Graciliella is a genus of cave beetle in the family Leiodidae. It was previously included in the genus Anthroherpon but DNA evidence showed that it is actually a more distantly related group of species. The paper in which Graciliella was published gained some media attention, with several stories picking up on the spider-like appearance of these beetles. Graciliella currently consists of six species, including the newly discovered Graciliella kosovaci and Graciliella ozimeci All species occur in subterranean habitats of the Dinaric Mountains, from Crvanj mountain (Bosnia and Herzegovina) in the north, to Trnovo (Montenegro) in the south, and from Žaba mountain (Croatia) in the west to Prokletije mountain (Montenegro) in the east.

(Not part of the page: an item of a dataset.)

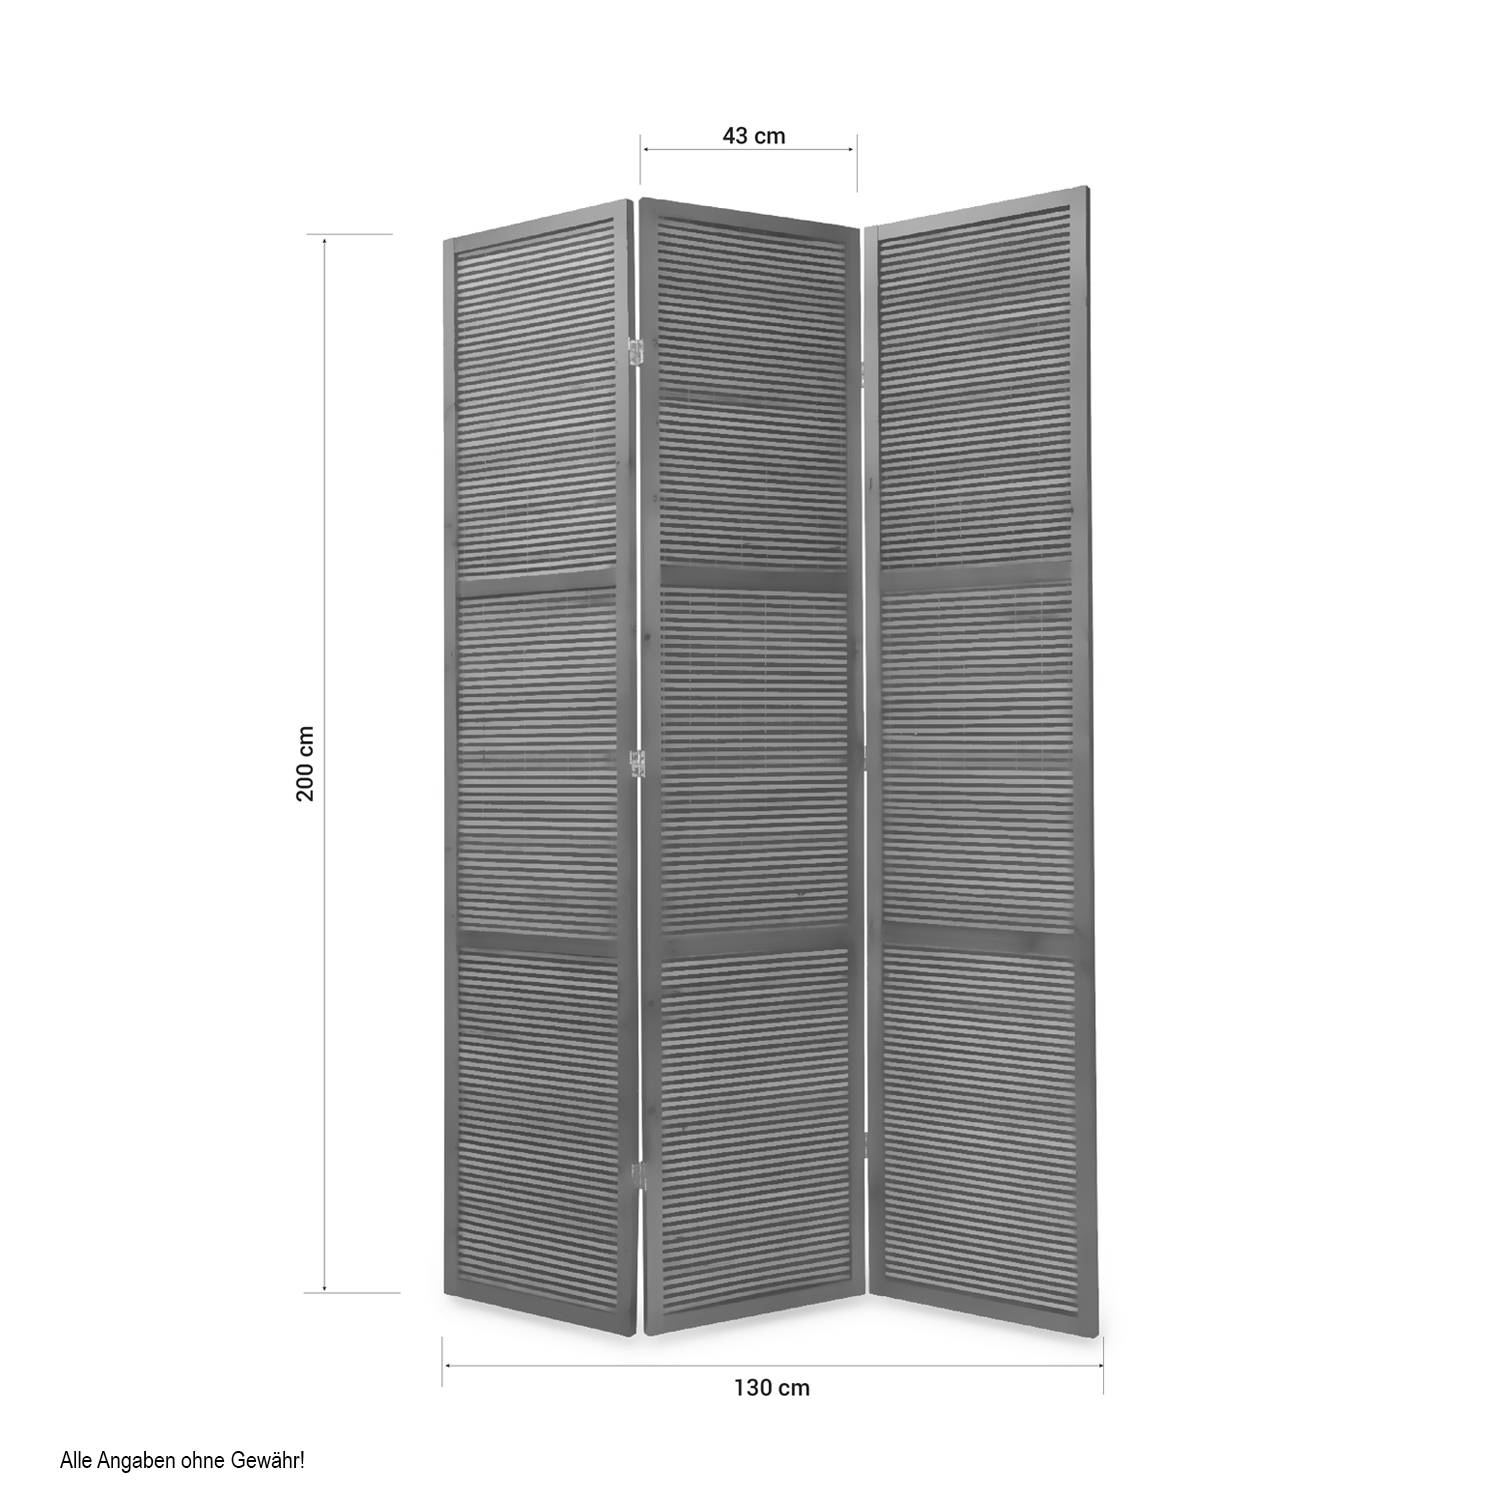 Paravent Raumteiler 3 4 teilig Sonderhöhe 2 m Holz Trennwand Sichtschutz Braun

These beetles are highly specialized for life underground, with elongated limbs, pale coloration, and reduced or absent eyes, adaptations common in troglobitic species. Their unique morphology, combined with their restricted range, makes them of particular interest to evolutionary biologists studying cave biodiversity in the Balkans.

== Species ==
- Graciliella absoloni (Guéorguiev, 1990)
- Graciliella apfelbecki (Müller, 1910)
  - Graciliella apfelbecki apfelbecki (Müller, 1910)
  - Graciliella apfelbecki scutulatum (Giachino & Guéorguiev, 1993)
  - Graciliella apfelbecki schwienbacheri (Giachino & Vailati, 2005)
  - Graciliella apfelbecki sculptifrons (Winkler, 1925)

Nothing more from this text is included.